Introduction

Automated System for MPM

AutoMPM is a tool developed for automatic machine learning in Mineral Prospective Mapping (MPM). It provides user-friendly python-based interface for MPM.

AutoMPM stands as an innovative solution, purposefully crafted to revolutionize the landscape of MPM through automated machine learning. In the realm of mineral resource exploration, MPM serves as a cornerstone, pinpointing locales with elevated potential for distinct mineral deposits. Previously, these endeavors demanded laborious, hands-on techniques, characterized by protracted timelines and susceptibility to inherent human inclinations. AutoMPM ushers in a paradigm shift, offering an advanced toolset that streamlines and refines this process with cutting-edge automation.

AutoMPM User Guide

Welcome to the AutoMPM user guide, where we delve into the efficient and automated world of Mineral Prospectivity Mapping. AutoMPM is designed to streamline the MPM process, leveraging advanced machine learning techniques to uncover high-potential mineral deposits. Say goodbye to manual, time-consuming methods and embrace a future of accelerated insights and reduced biases.

Pre-processing Dataset

Navigate the preprocessing phase with finesse, utilizing the functions found in the data_preprocess.py module:

preprocess_data: Standard function for raw data preprocessing.
preprocess_all_data: Preprocess raw data across all datasets, excluding Washington.
preprocess_data_interpolate: Special preprocessing for the Washington dataset.

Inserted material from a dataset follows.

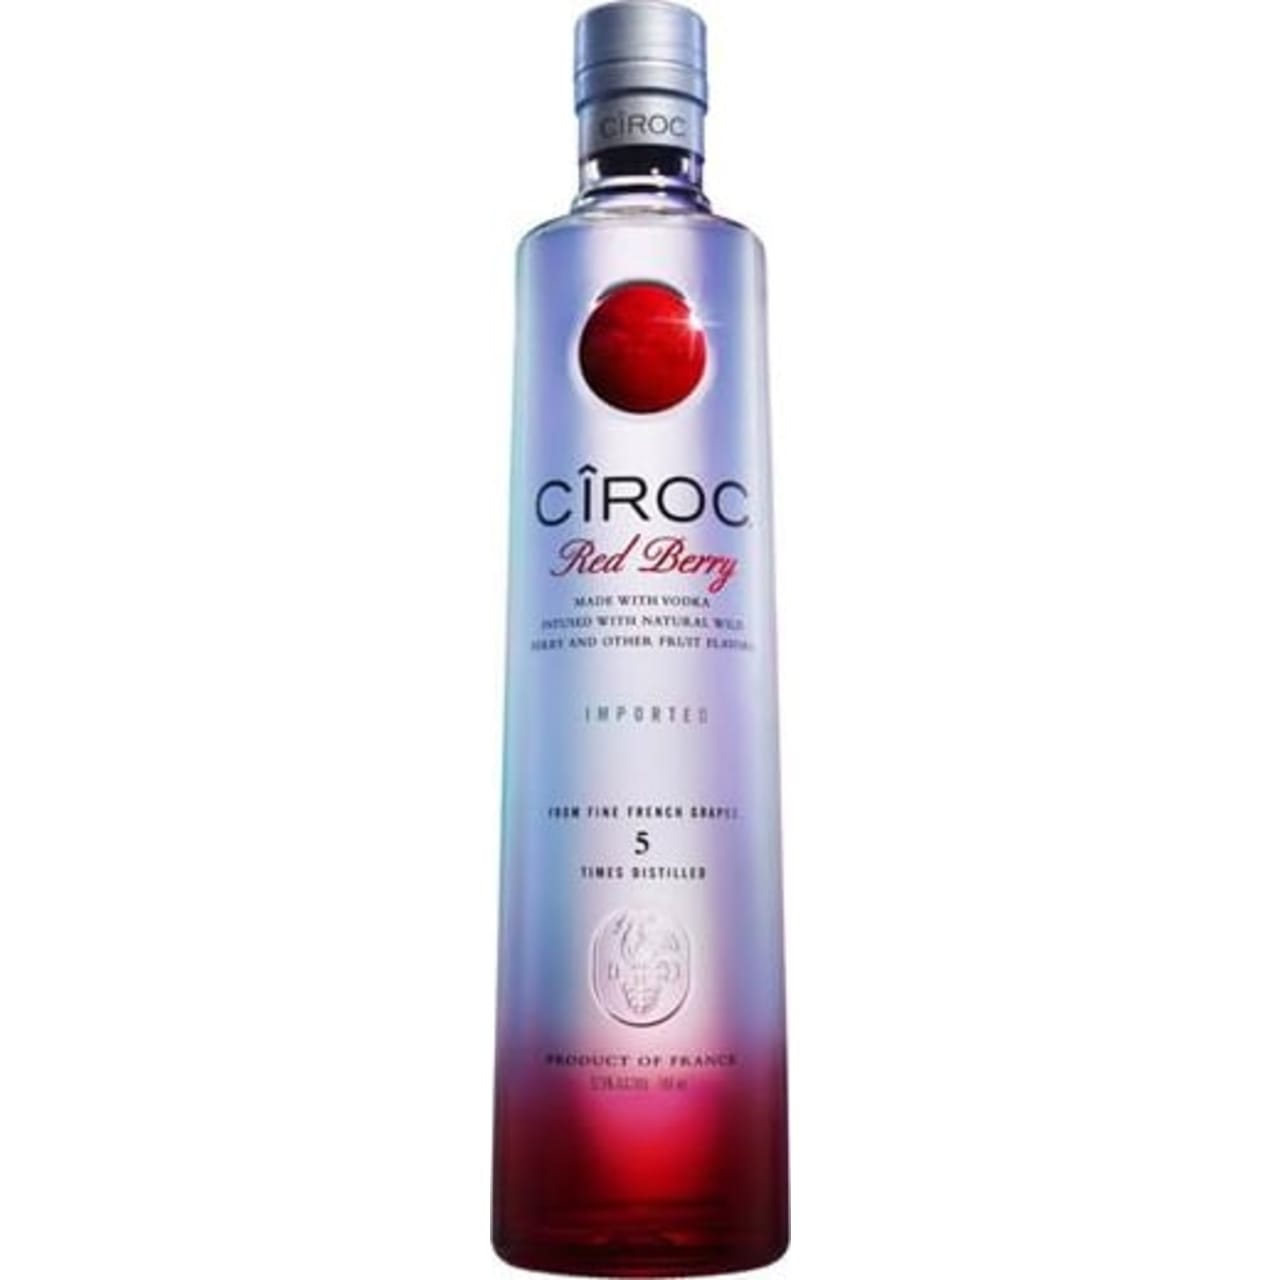 CÎROC Red Berry oozes aromatic fresh berry flavours with a smooth and silky finish.

Mineral exploration datasets encompass geological, geophysical, geochemical, remote sensing, and drilling data, characterized by various types, scales, file sizes, non-stationarity, and heterogeneity. Given this diversity, autoMPM considers and processes both physical and chemical information such as gravity and heat-map of chemical elements.

Take the Idaho dataset as an example, we can extract the features and mask data from this dataset by reading all the corresponding file (the mask indicate the intereted areas),

# Load feature geochemical data
feature_dict = {}
for feature in feature_list:
    rst = rasterio.open(data_dir + f'/{feature_prefix}{feature}{feature_suffix}')
    feature_dict[feature] = rst.read(1)

# Load mask raw data and preprocess
mask_ds = rasterio.open(data_dir + f'/{mask}').read(1)
mask = make_mask(data_dir, mask_data)

# More features added and filtered
if feature_filter:
    dirs = os.listdir(data_dir + '/TIFs')
    for feature in dirs:
        if 'tif' in feature:
            if 'toline.tif' in feature:
                continue
            rst = rasterio.open(data_dir + '/TIFs/' + feature).read(1)
            if rst.shape != mask.shape:
                continue
            feature_list.append(feature)
            feature_dict[feature] = np.array(rst)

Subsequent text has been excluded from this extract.